Evan Quinlan

Archive for the ‘Non-Fiction’ Category

Our Condition

In Haiku, Non-Fiction, Poetry on February 8, 2015 at 11:47 am

Snowflakes are unique,

But each journey is the same:

Each returns to Earth.

An Infancy

In Non-Fiction, Short Stories on July 21, 2014 at 11:35 pm

She saw me before I saw her, at a party of actors. When she reminds me now, I can remember commenting on her ringtone (think Darth Vader surveying his domain), but the recollections swirl in the same fog as childhood memories, when the brain had not yet learned the difference between what it could safely forget and what must be kept forever.

The first in-focus image I have, she’s strutting down the aisle of a decrepit theater, the remains of a factory dead and bequeathed to the arts. She has her hands in a long jacket. Her eyes are much deeper than her hair is long, and equally as bright. Nothing obstructs her face; she bears it to the world. I think, she’s out of my league.

At this point I’ve spent many evenings wandering Boston by myself, restless and unsure of what I want. Even after I’ve noticed this pretty, vivacious girl for the first time, I still don’t know. I’m here because I’m an actor. She’s here because she’s written music for our intermission. I have a love-hate relationship with my job; she’s good at hers. She intimidates me; she reminds me by contrast that I have no idea what I’m supposed to do with my time. I don’t know how to speak to her, so I don’t. Better that way. But when she asks one evening on her way out the door if anyone’s interested in writing a sketch comedy show with her, I raise my hand, because that’s a habit I’ve formed: I do things that scare me, to find out who I am. This girl scares me. Comedy scares me. I’ll find something out.

I will.

I don’t need to tell you that this is the story of how I met the woman I’d marry; that probably already occurred to you. You may have also noticed it’s incredibly me-centric for a story about love; it doesn’t even mention her name. But meeting another person isn’t a two-way interaction, is it? Sure, you both shake hands, you see each other’s faces at the same time; that’s how it goes down in the textbooks. The real universe, though, discovers itself little bits at a time, without the mutual consent of its parts. By the time we’ve seen a star, it might already have blown itself out of existence. By the time we meet our parents, we’re already grown up. And sometimes, by the time we meet the most important person of our lives, they’ve already met us, and tried to get our attention by casually inviting us to co-write a sketch comedy show.

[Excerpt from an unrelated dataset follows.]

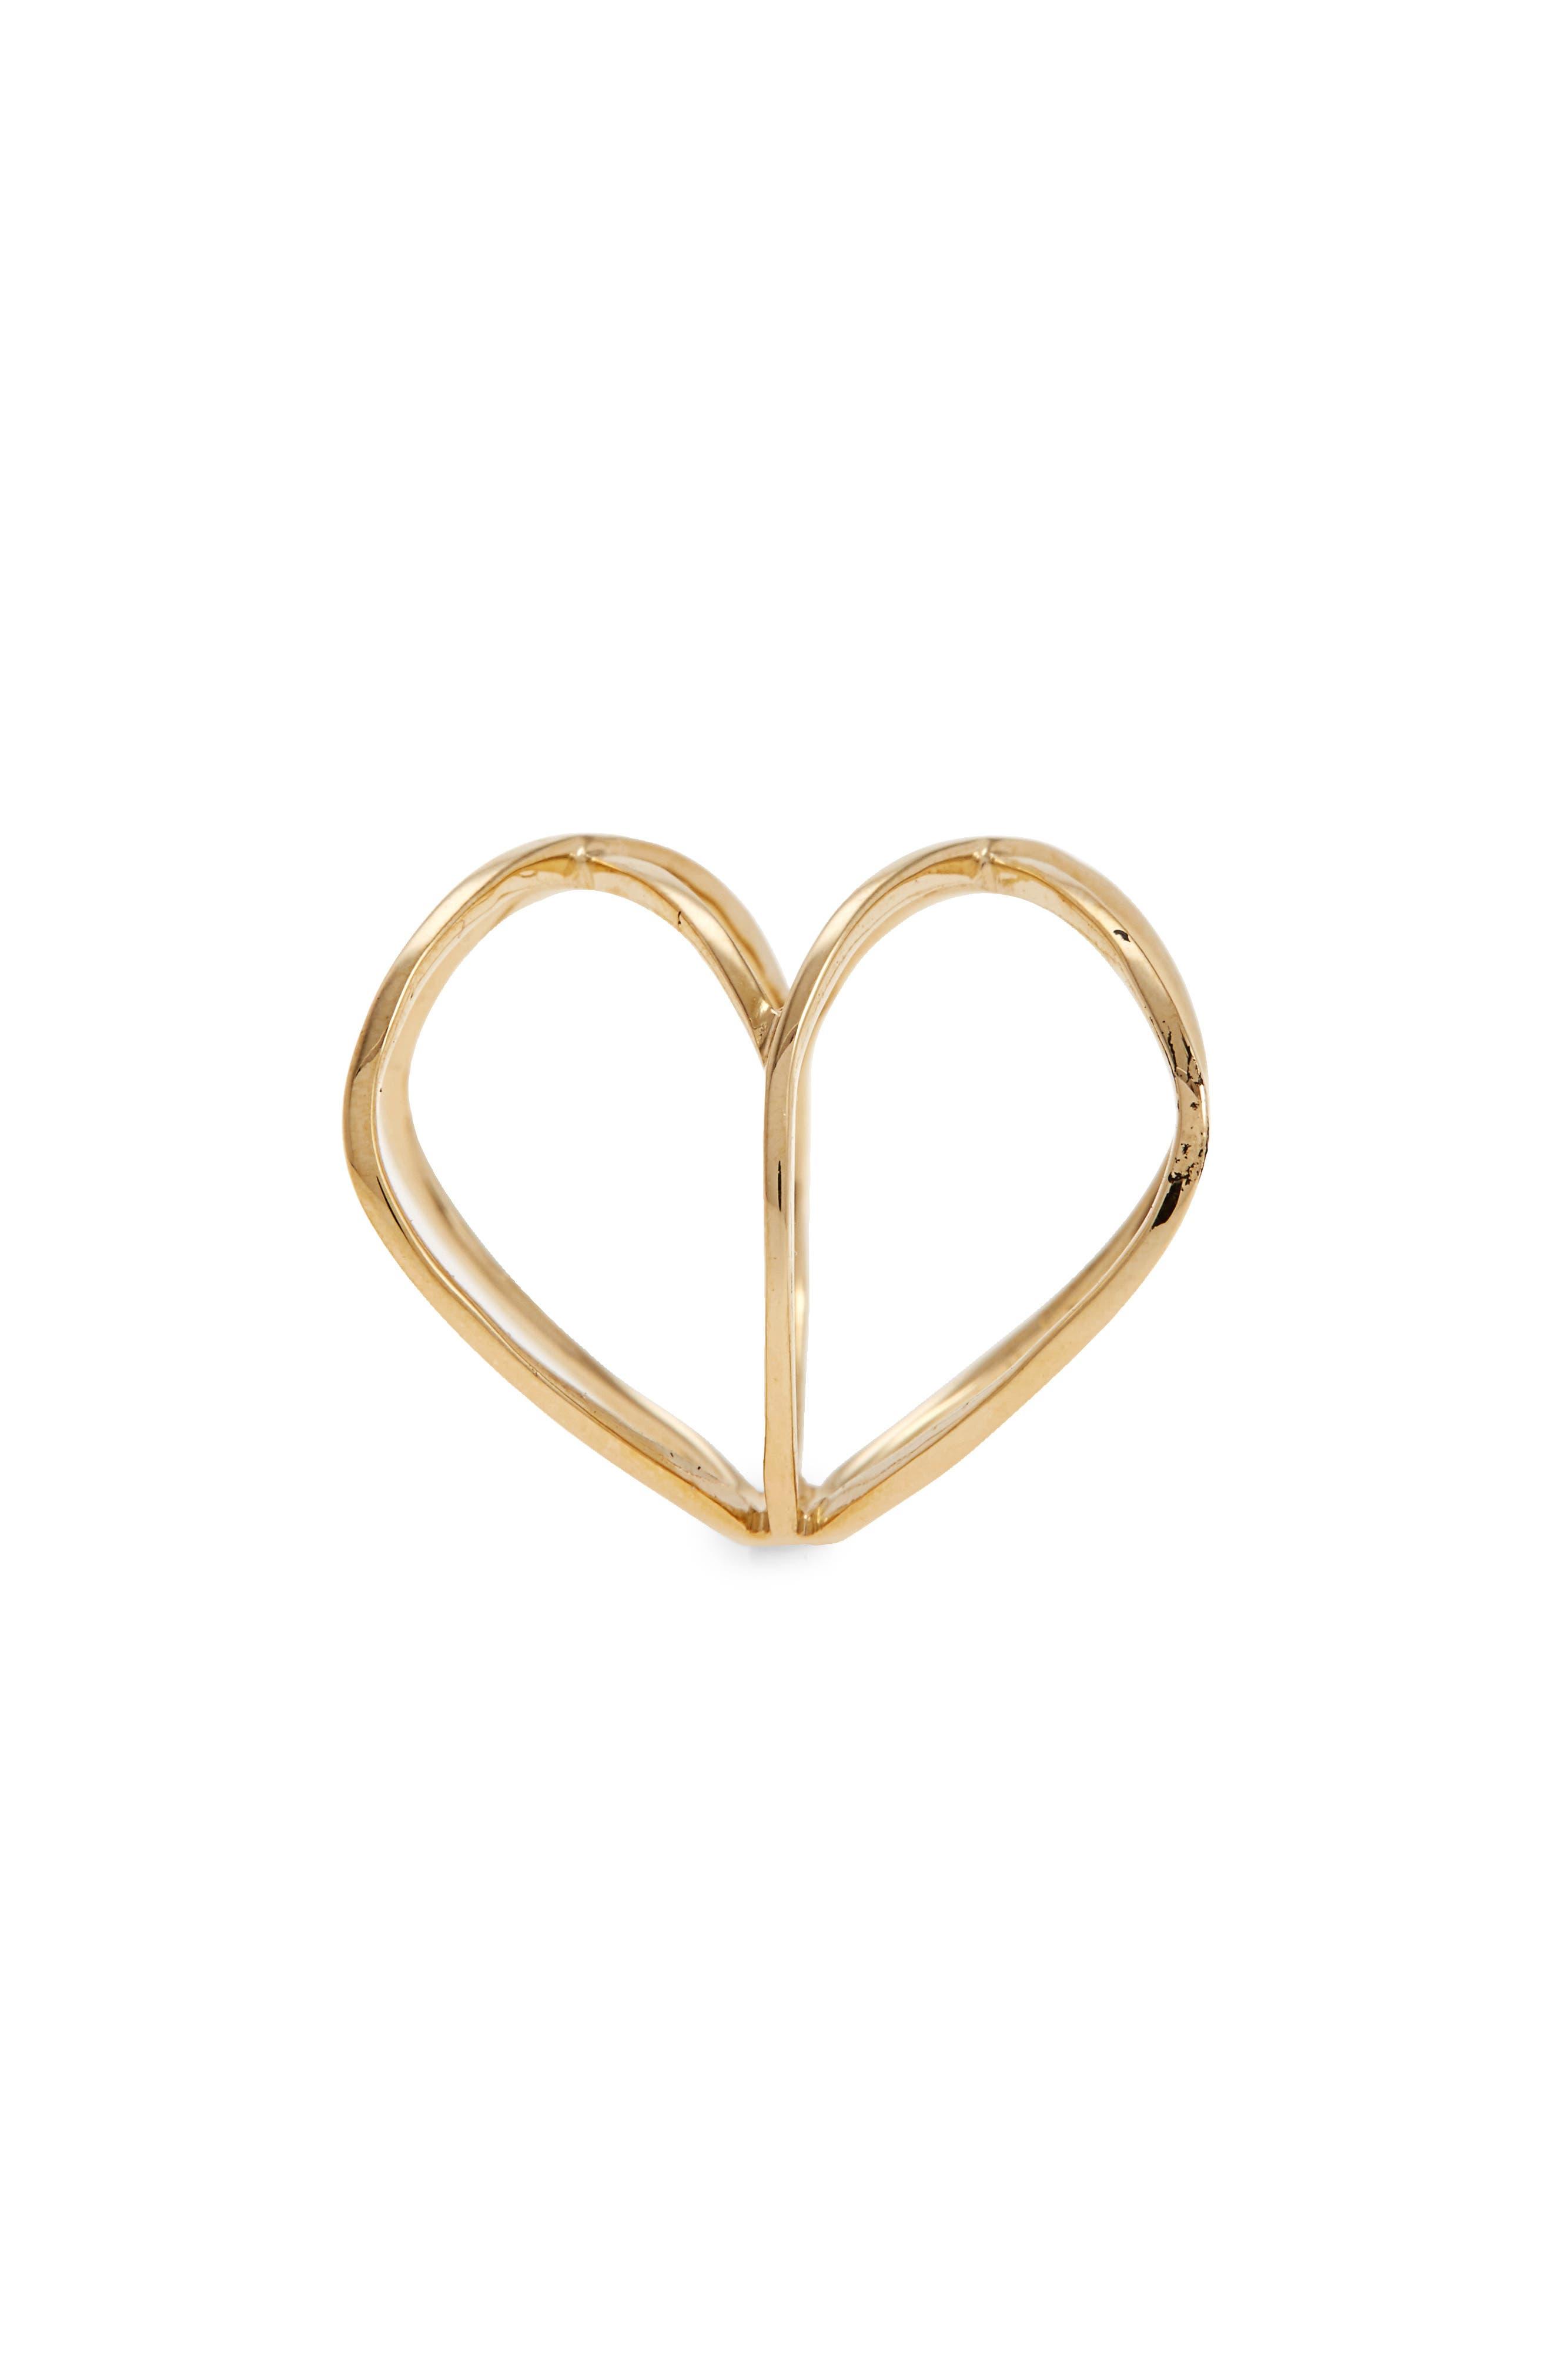 14KT Double Crisscross Ring,                             Alternate thumbnail 3, color,                             YELLOW GOLD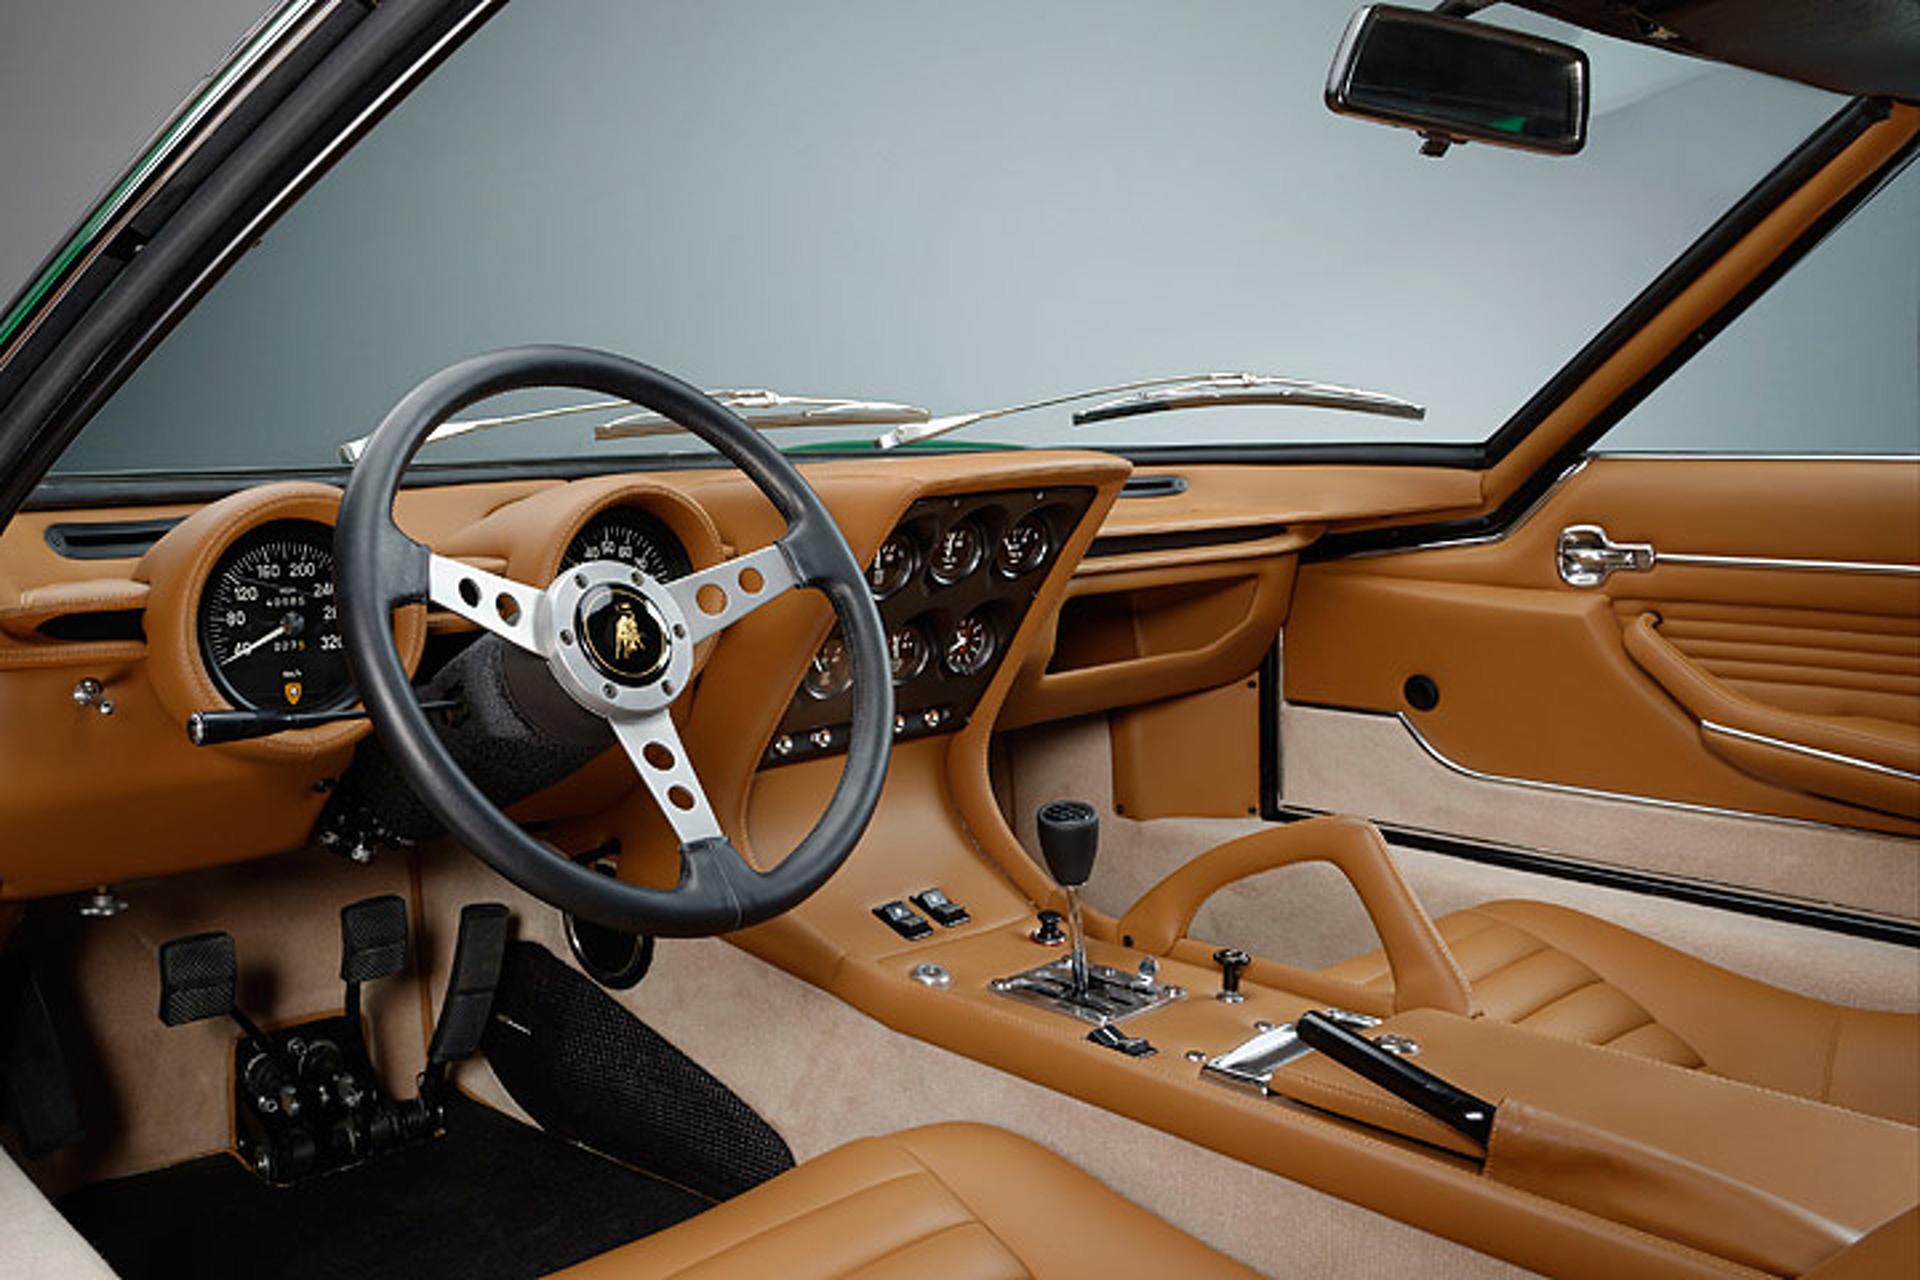 Lamborghini Has Returned this '71 Miura to Like-New Condition

I’ve matured since then, fostered by circumstance, luck, and blind trust. In this way, the world raises us from infancies we don’t yet recognize, only to look back for a glimpse when it’s almost too late; the station from which we departed slips out of view as the engine bears us on a journey begun without our knowledge or consent.

Cling, if you can, to those moments that coalesce into something relivable. Nourish them; cherish them; pass them on for progeny to hear so that they might learn to plant the seeds of memory while the soil is still freshly turned. Vintage wine, Frank Sinatra called them, in fine old kegs.

She had short, blonde hair.

She could write music.

She wore a long coat.

Behind the curtains, she walks… up the spiral stairs, to the control booth.

She’s confident, radiant.

This is me, noticing her.

I’m just an actor who doesn’t know what he wants.

She’s out of my league, I think.

Cramped

In Haiku, Non-Fiction on July 10, 2012 at 7:11 pm

Louis built Versailles because
the Louvre was “too cramped.”
Too bad coffins are so small.

Impossible Life

In Non-Fiction on December 6, 2011 at 5:48 pm

I wonder if Ender Wiggin could sense his words becoming ink, or if John Connor felt himself being watched by thousands of people, when they suddenly became characters in works of science fiction. Do you think a character knows when they have passed the looking-glass into a world of which they are the focal point of impossible events not just for themselves but for every stranger who listens in?

I wonder this because I’ve certainly realized it myself.  What I mean is, I am most certainly a character in a science fiction story.

That is not to say I believe you, my reader, are somehow more real than I; I don’t mean to imply that I’ve fallen into a book or movie and you are outside of it.  Rather, somehow you are part of the story.  (Perhaps you’re a rather large part of it.)  Somebody, somewhere else, though, must be reading my life—page one starting a year ago.  I know this because in no other genre, especially nonfiction, does somebody routinely enter a room that is bigger—and far more wonderful—on the inside than it is on the outside.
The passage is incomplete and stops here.